Transfer Matrices for the Partition Function of the Potts Model on Cyclic and Mobius Lattice Strips

TL;DR

This paper develops a general method to compute transfer matrices for the Potts model's partition function on cyclic and M"obius strips of various lattices, enabling explicit calculations for arbitrary widths and revealing simple formulas for determinants and traces.

Contribution

It introduces a novel, systematic approach for calculating transfer matrices for the Potts model on lattice strips of arbitrary width, including explicit formulas and methods for both cyclic and M"obius boundary conditions.

Findings

Explicit transfer matrices for arbitrary width L_y are derived.
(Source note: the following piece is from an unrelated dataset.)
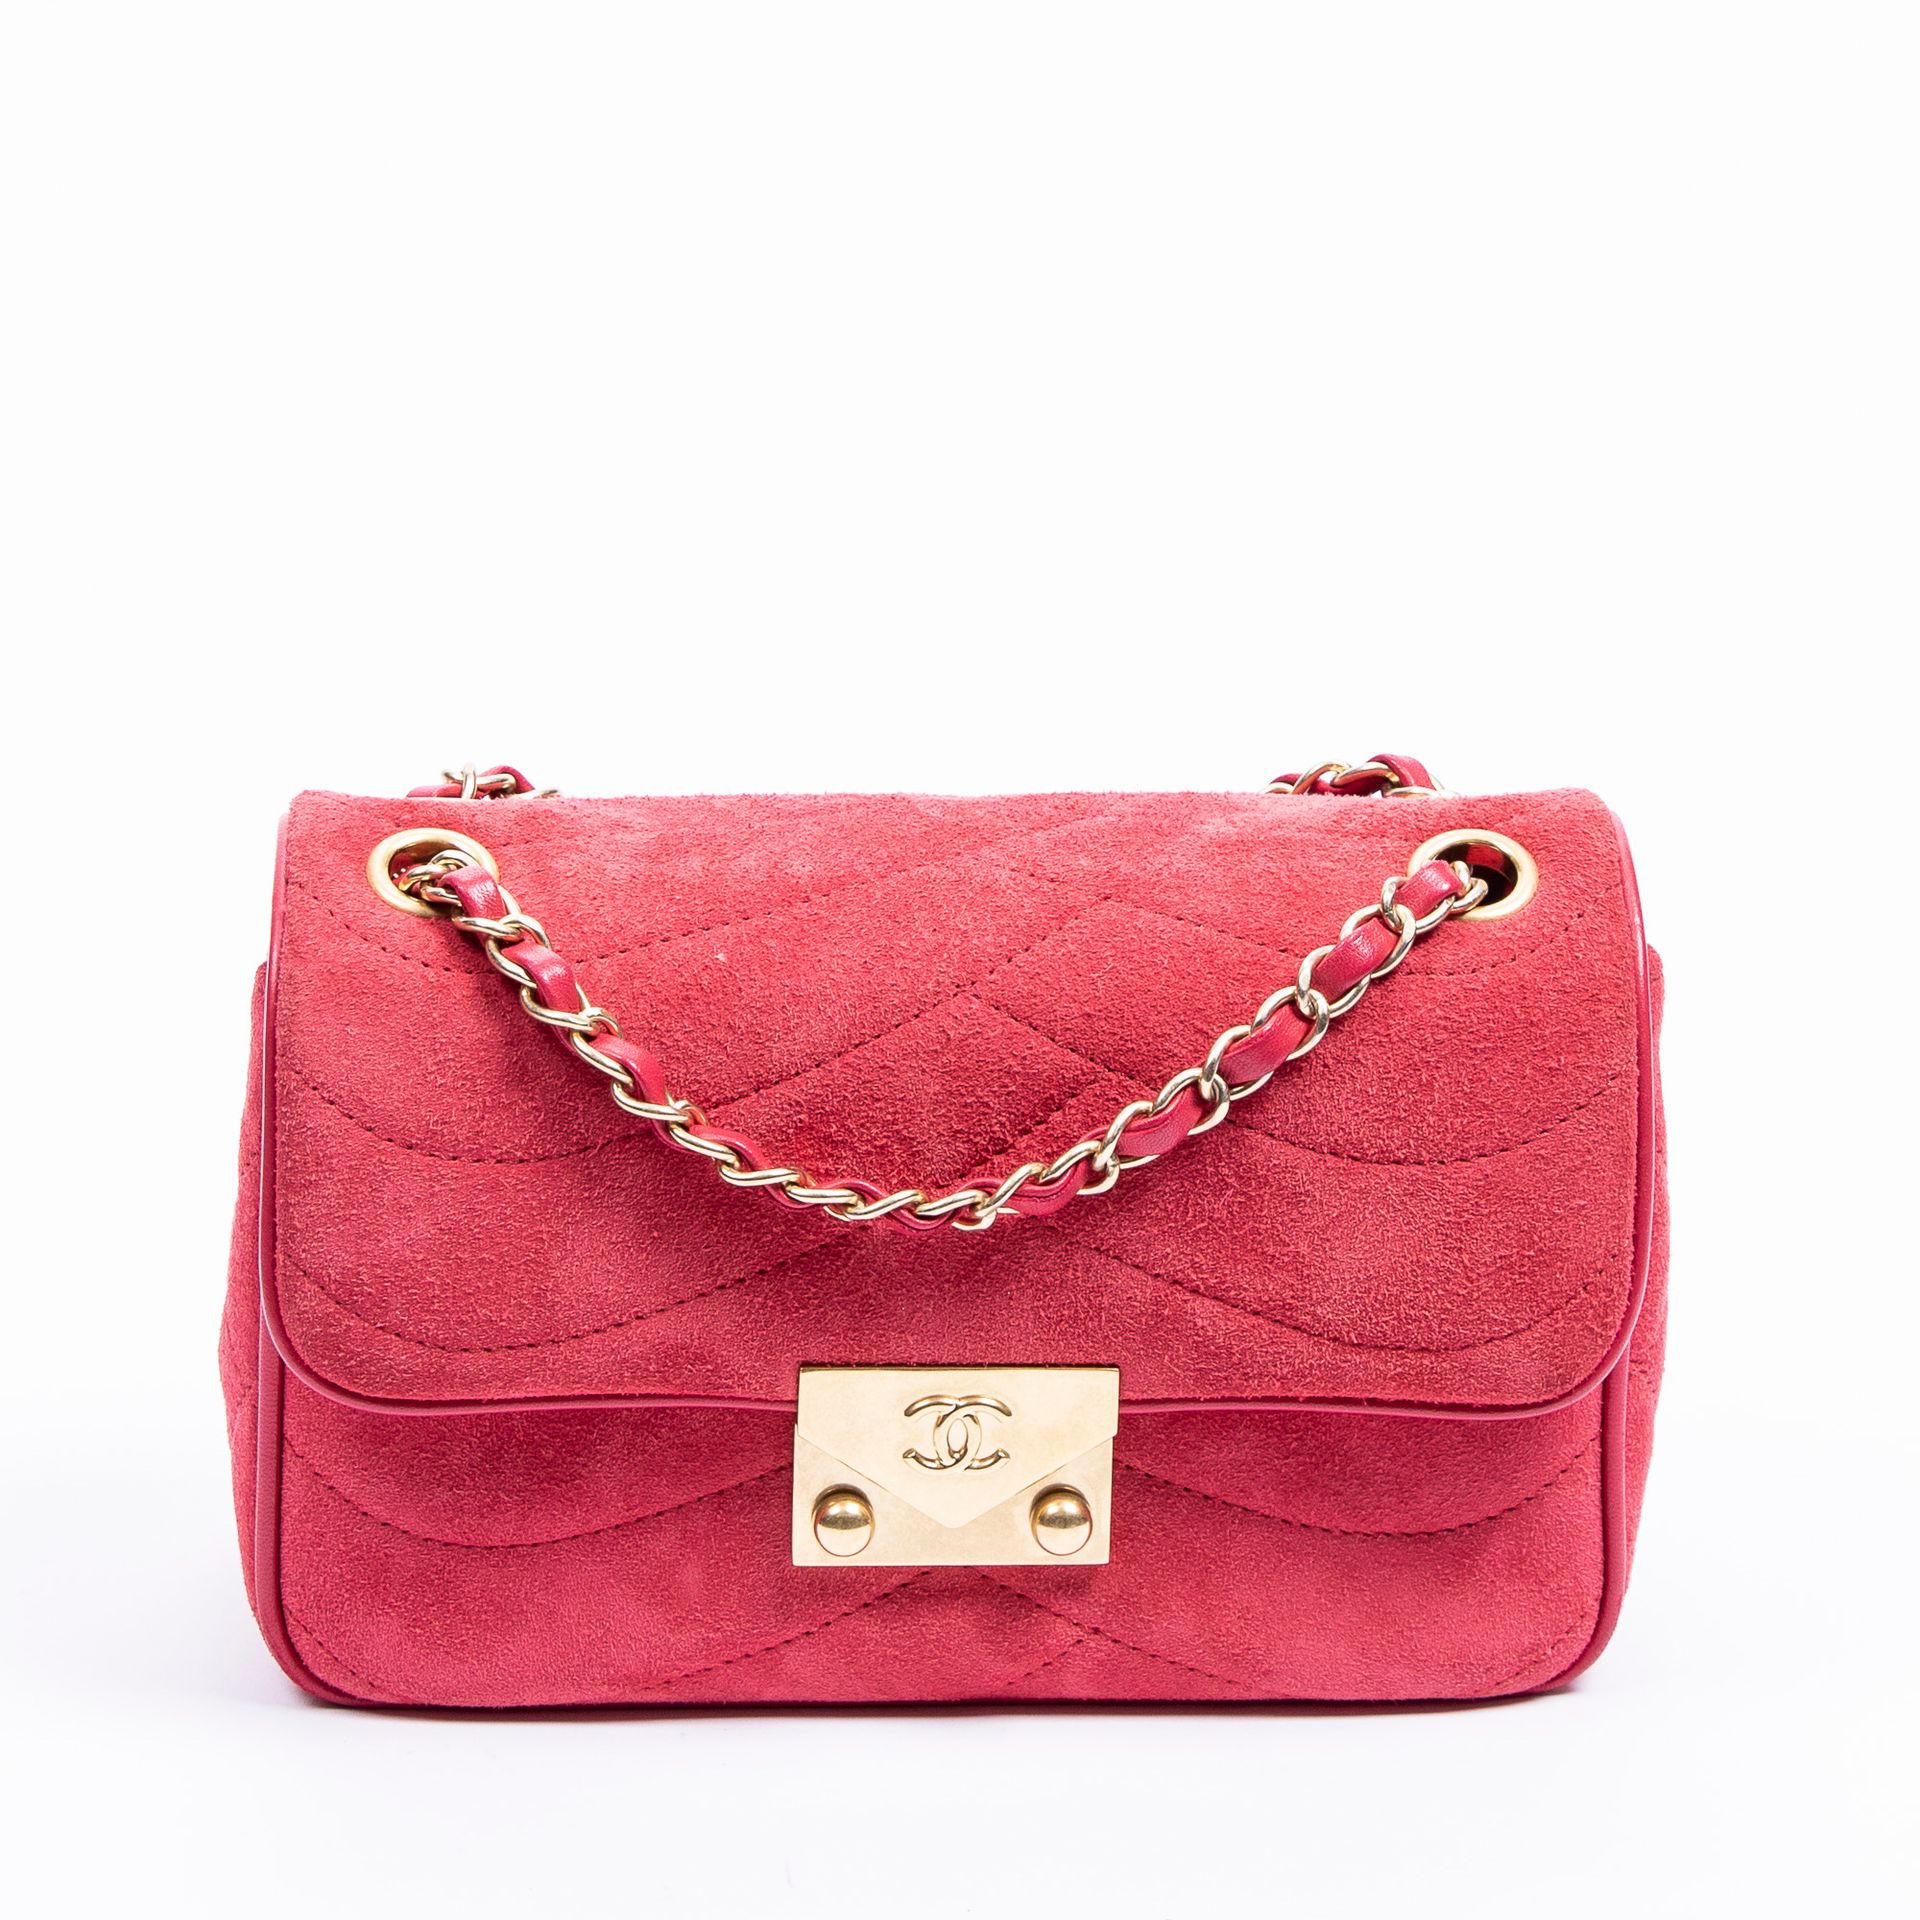 Chanel 香奈儿 - 天鹅绒和紫红色小羊皮的盒子大小的包 - 粉红色小羊皮内衬 - 链式肩带，可手提、肩背或斜挎 - 金色金属首饰 - 有卡片和真品编号 -&hellip;

Simple formulas for determinants and traces of transfer matrices are provided.

Results include formulas for Tutte polynomials and self-dual lattice strips.

Abstract

We present a method for calculating transfer matrices for the $q$-state Potts model partition functions $Z(G,q,v)$, for arbitrary $q$ and temperature variable $v$, on cyclic and M\"obius strip graphs $G$ of the square (sq), triangular (tri), and honeycomb (hc) lattices of width $L_y$ vertices and of arbitrarily great length $L_x$ vertices. For the cyclic case we express the partition function as $Z(\Lambda,L_y \times L_x,q,v)=\sum_{d=0}^{L_y} c^{(d)} Tr[(T_{Z,\Lambda,L_y,d})^m]$, where $\Lambda$ denotes lattice type, $c^{(d)}$ are specified polynomials of degree $d$ in $q$, $T_{Z,\Lambda,L_y,d}$ is the transfer matrix in the degree-$d$ subspace, and $m=L_x$ ($L_x/2$) for $\Lambda=sq, tri (hc)$, respectively. An analogous formula is given for M\"obius strips. We exhibit a method for calculating $T_{Z,\Lambda,L_y,d}$ for arbitrary $L_y$. Explicit results for arbitrary $L_y$ are given for $T_{Z,\Lambda,L_y,d}$ with $d=L_y$ and $d=L_y-1$. In particular, we find very simple formulas the determinant $det(T_{Z,\Lambda,L_y,d})$, and trace $Tr(T_{Z,\Lambda,L_y})$. Corresponding results are given for the equivalent Tutte polynomials for these lattice strips and illustrative examples are included. We also present formulas for self-dual cyclic strips of the square lattice.